Download Butterflyzer Now
We've had a Beta Preview available for some time, so many of the features won't be news to all of our users, but I think the level of polish -- if you can talk about a beta release having polish -- is pretty good. There will certainly be issues with it (that's why we have betas!) but it is otherwise feature complete and ready to go to version 1.0. If you're wondering how much work has gone into the release, I'll throw out one measure: the Beta release is Build #995. Here are just some of the many issues big and small that we've addressed along the way..
User Interface
The application just didn't fit in well with the target audience and their expectations about how web related tools should look and feel. One of the most important pieces of feedback I heard was that the interface just felt overwhelming. There is a lot that you can do with Butterflyzer, and I wanted to find a way to make that functionality easily accessible while de-cluttering the user environment as much as possible.
The Butterflyzer Alpha was a typical Rich Client (RCP) application built on the rock-solid and powerful Eclipse platform -- the same one that IBM and other leading software companies base their applications on. The downside of that is that the current Eclipse UI support is a bit stodgy. And unfortunately, while the Eclipse environment provides a lot of functionality, it is very difficult to change the overall look and feel. (E4 makes huge improvements in this area, but E4 didn't address all of our requirements and isn't quite mature enough yet.) So we went back to the drawing board, moved a bunch of stuff around, and re-implemented key existing functionality, including interface and workbench components. It wasn't simple to make these changes, but I think they were more that worthwhile. In fact, I think they were necessary. You can build the most powerful, feature-rich program in the world, but if the UI isn't any good, the only people who use it will be the people who don't have any other choice. So yep, we sweated those single pixels.
Browser Look and Feel
In the quest for simplification, Butterflyzer copies the overall presentation of a typical web browser like Safari, Chrome or Firefox. Catalogs are like browser tabs and all of the interface elements are consolidated within them. That means that we've essentially turned the typical end-user application inside out, with all of the tools and views being hosted inside each editor.

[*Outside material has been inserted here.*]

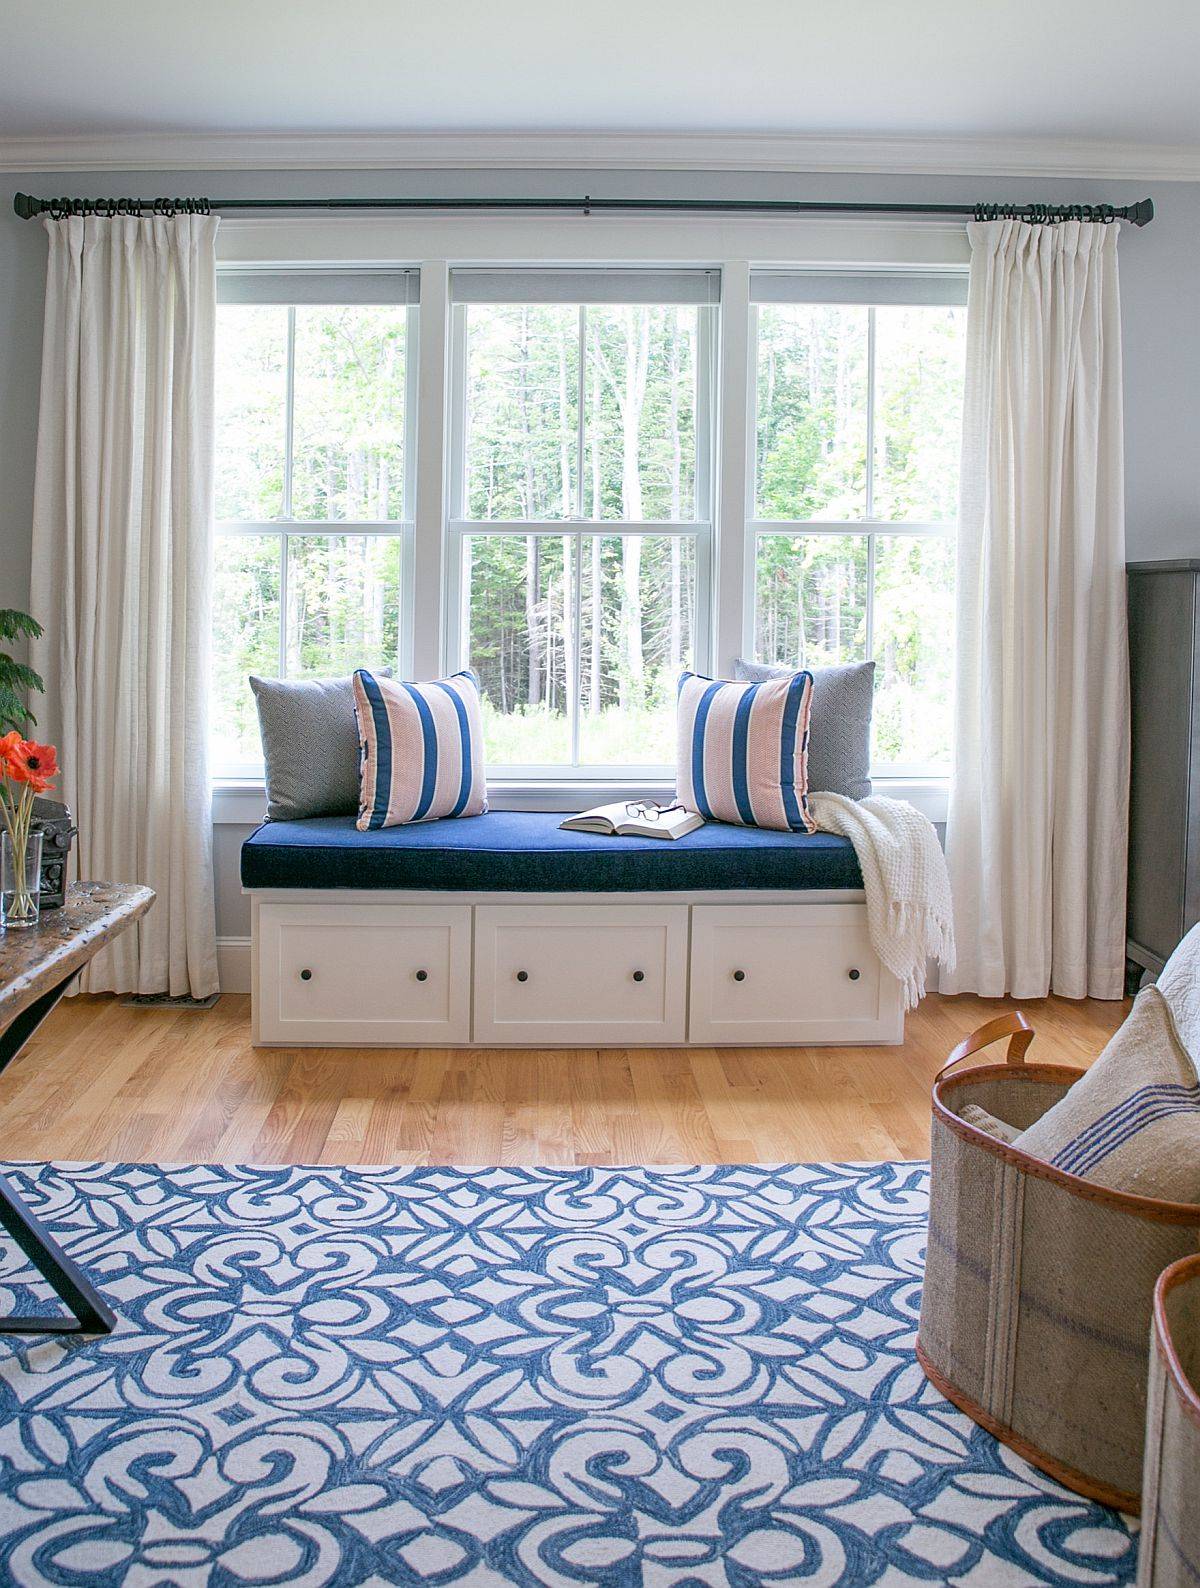 Your-custom-bedroom-window-seat-need-not-span-the-full-length-of-the-window-every-time-82599

Here's what the old application looked like:
And here's chrome, our simplicity bogey:
Here's the new and improved Butterflyzer:
Why so dark?
By the way, if you've wondered why Butterflyzer employs a "light on dark" visual style, it's not that we're trying to be trendy or anything. There are sound reasons for keeping the Butterflyzer elements dark:
- Colors are easier to distinguish, connect and even read against a black background, and color plays a critical role in establishing implicit relationships within and between the various Butterflyzer user elements. Remember those old green and amber monitors? They really were easier on the eye.
- A dark background allows images to pop and reduces the sense of visual clutter, which is a critical issue given the complexity of the information visualized.

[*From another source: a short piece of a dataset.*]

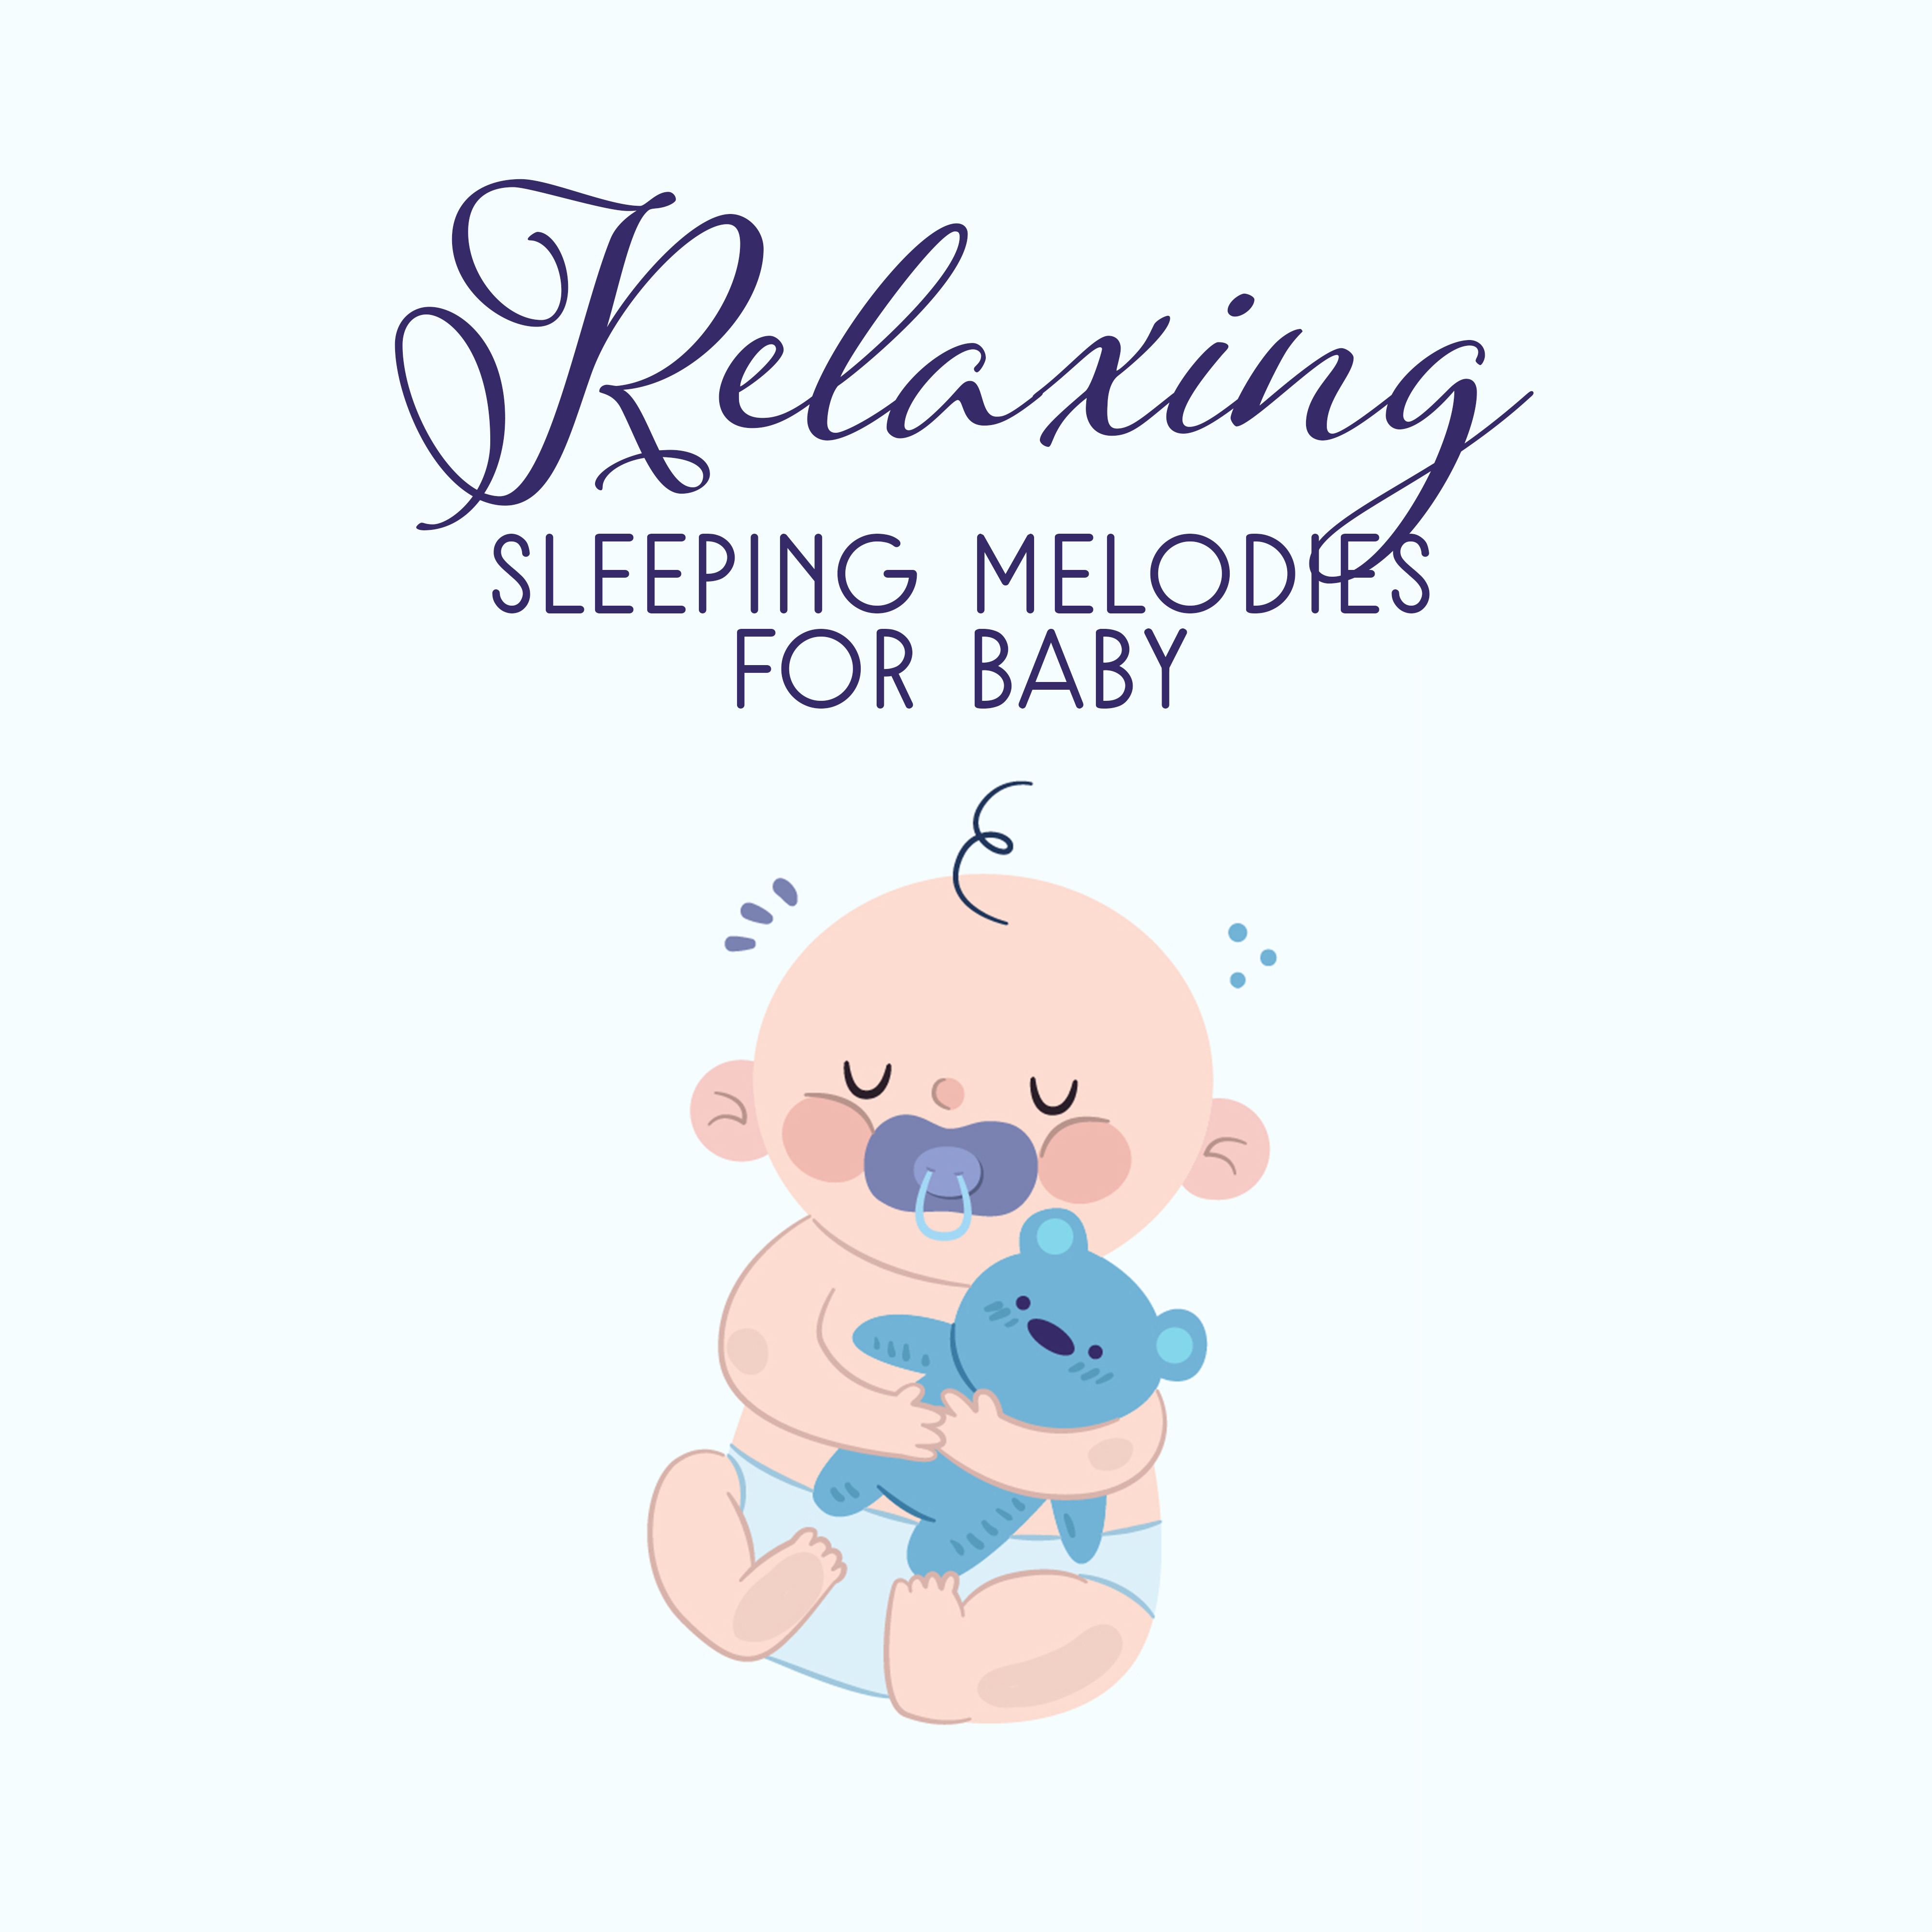 Relaxing Sleeping Melodies for Baby

- Most web pages and other artifacts are black on white, of course -- keeping the Butterflyzer elements dark helps establish the web page elements as the visual foreground for the user. There is the "content manager" and then there is the "content" -- everything we can do to make that separation clear is helpful.
- Because we insert the semantic tags directly into the web pages, we need a way to distinguish them clearly from the rest of the web content, and we want those tags to look like the tags in the other views. OK, it's not always that attractive, but you can always turn the semantic feature off if you just want to look at the web page content.
- A dark background allows us to employ more obvious color highlights for buttons themselves. That's important because most of the buttons are monochrome and a simple as possible; we can then color them as appropriate for user interaction.
New Help System
We've implemented a new Help System that includes dynamic help, so that when you scroll over an interface item, you can get live help. Speaking of help, there is a lot of it! And since we have it now, I'll use it to help tell the story.
Eclipse software developers might be interested to know that the majority of the documentation is actually produced directly from our properties files. (Yes, Butterflyzer is fully designed for Internationalization, but we don't have any translations for other languages yet.) That means that we only have to maintain this information in one place. Custom Java code reads the properties and converts them to Wiki text and the help system dynamically loads the property information for context sensitive help, including links to related documentation. From there, we use Mylyn Wiki Text to generate the Eclipse Help system artifacts, online documentation, and even a PDF manual.
Palette Menus
One major goal was reducing the number of mouse-clicks needed to perform common tasks. I think that number and frequency of mouse-clicks have a large effect on end-user perception of ease of use and efficiency for an application. We needed to reduce the proliferation of toolbar buttons without causing a lot of mouse thrashing. Popup menus work fine for supporting changes in options, but they have a big usability issue. Every time you want to make a change, you have to reopen the menu. You could put options into a tool widget as many Apple applications do -- and we do that for more complex settings involving sliders -- but then users have to get rid of it when they're done. Instead, we created our own menu type that displays as long as the mouse is within the target menu area. This required replacing a lot of the normal Eclipse menu implementation.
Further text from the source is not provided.